South African politician (1894–1980)

Margaret Ballinger (née Hodgson; 1894–1980) was the first President of the Liberal Party of South Africa and a South African Member of Parliament. In 1944, Ballinger was referred to as the "Queen of the Blacks" by Time magazine.

==Biography==
Margaret Hodgson was born in Glasgow, Scotland in 1894 and moved to Cape Colony with her family when she was a child. Her father arrived just before the Boer War and ended up fighting against the British. Hodgson (Ballinger) attended the Huguenot College in Wellington before continuing her education in England. In England she went to Somerville College, Oxford.

She taught history when she returned to South Africa at Rhodes University in Grahamstown and University of the Witwatersrand. She stood for election where there were seven representatives for eight million black South Africans against the 140 M.P.s who represented the other 20% of the population. She had stood against other male candidates and talking through an interpreter had managed to win the electorate's confidence. It was said that she used the analogy of Joan of Arc to illustrate what a woman could do for them.

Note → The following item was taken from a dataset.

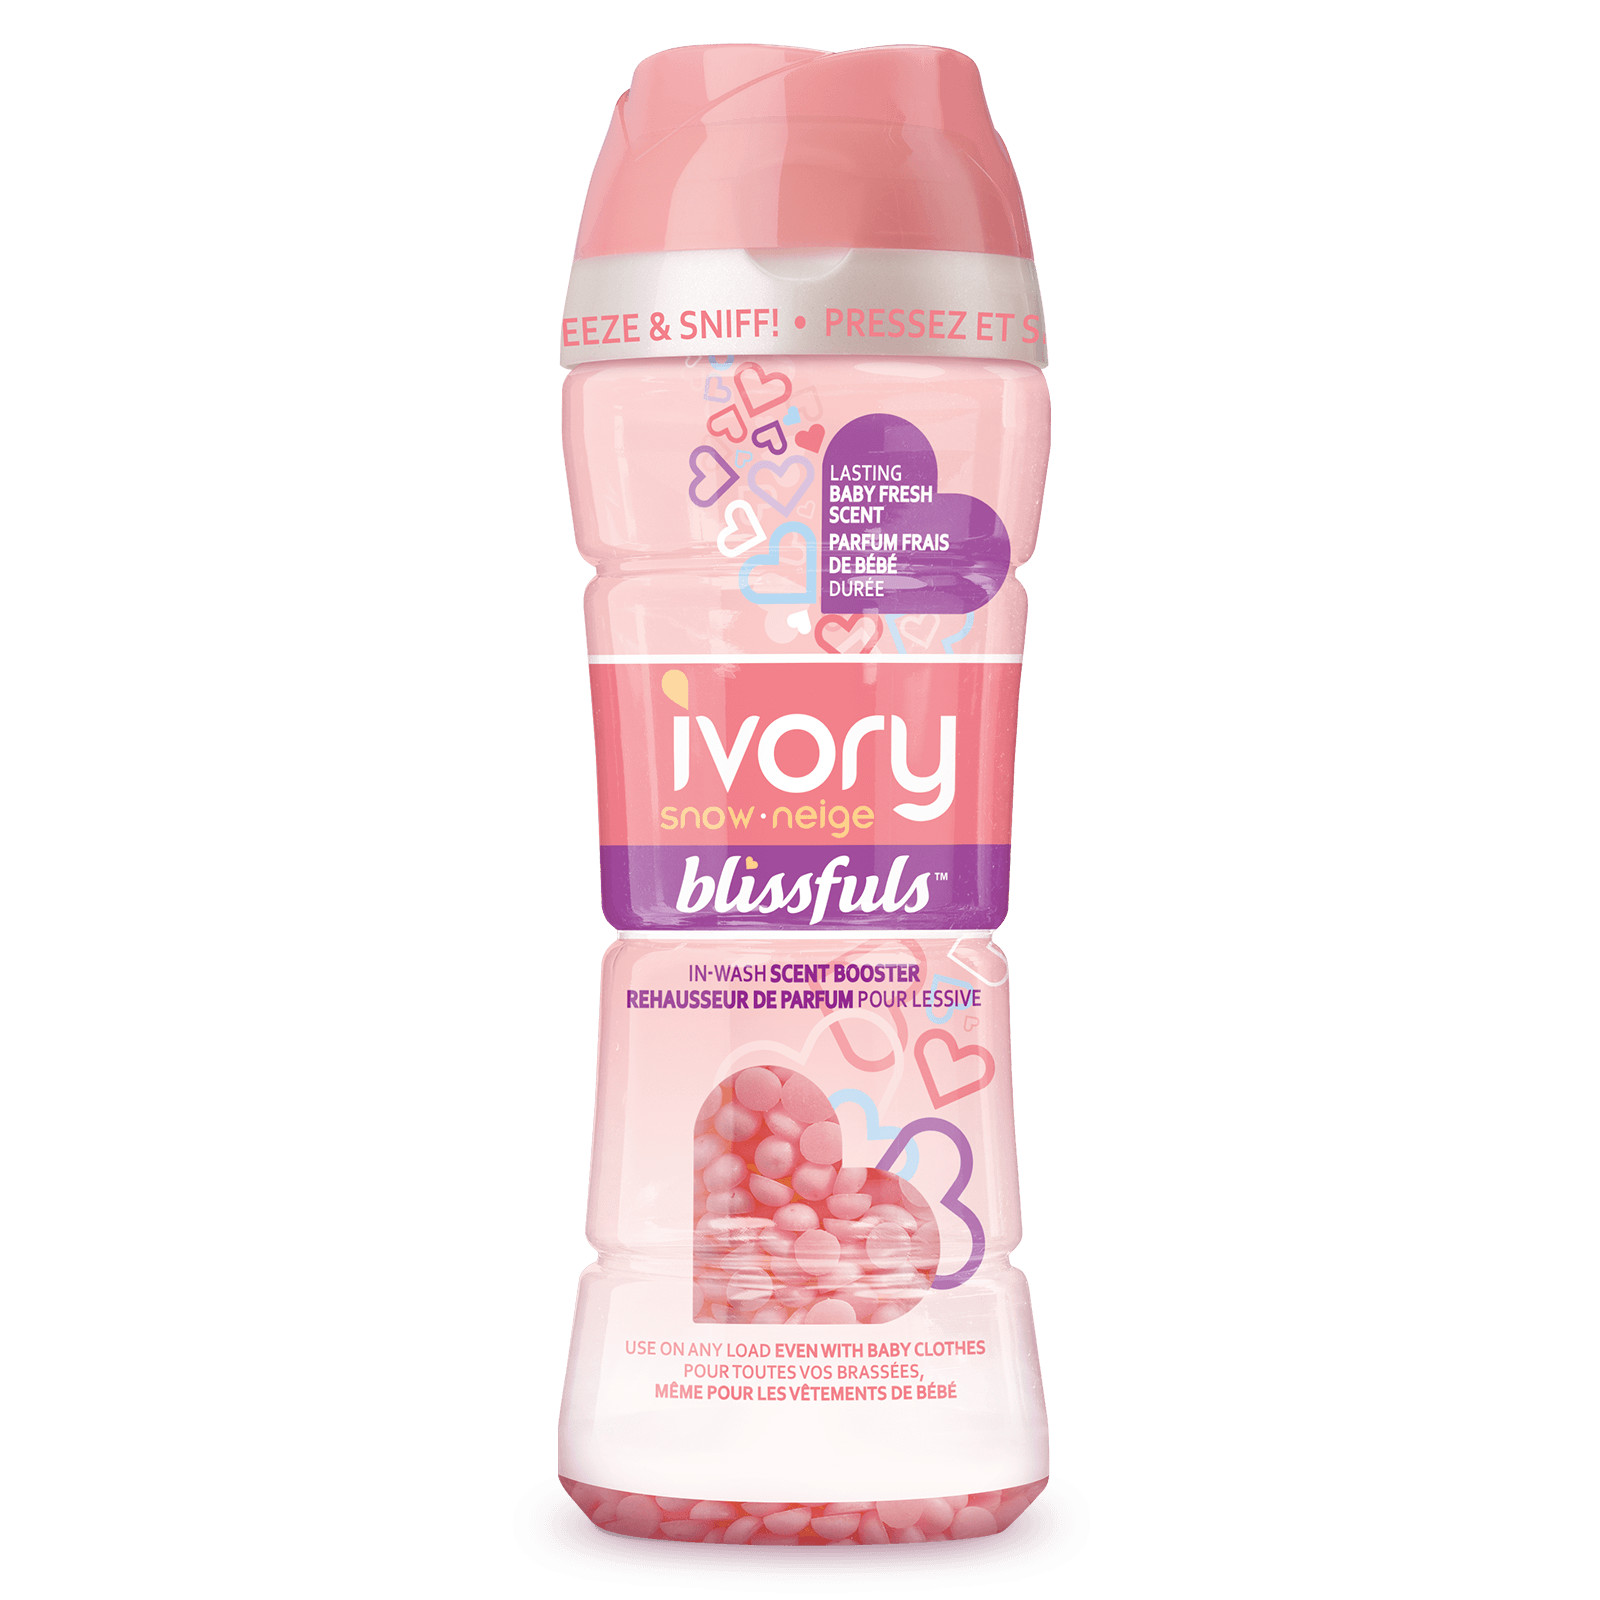 Ivory Snow Blissfuls In-Wash Scent Booster

She represented the people of the Eastern Cape from 1937 on the Native Representatives Council (NRC). She was credited, along with Senator Edgar Brookes, for moving people from talking about controlling the native South African populace to finding out how their lives could be improved. In 1943 she was proposing new laws and in 1947 her plans included new training and municipal representation for "blacks" and improved consultation with the NRC. This period from 1937 through the 1950s is seen as when Ballinger had most power and influence. A Time Magazine report in 1944 named "Mrs Ballinger" as the "Queen of the Blacks". Her power as a speaker was only overshadowed by the prime ministers, Jan Smuts, and Jan Hofmeyr, his heir apparent. The future that the article foresaw for Ballinger was as the "white hope" leading 24,000,000 blacks as part of an expanded British influence in southern Africa. She overshadowed her husband, William, who some see as now out of his depth in the changing political outlook. They had both formed a Friends of Africa movement, but this looked more to Britain for funding than it did in its success in linking to the emerging African native political organisations.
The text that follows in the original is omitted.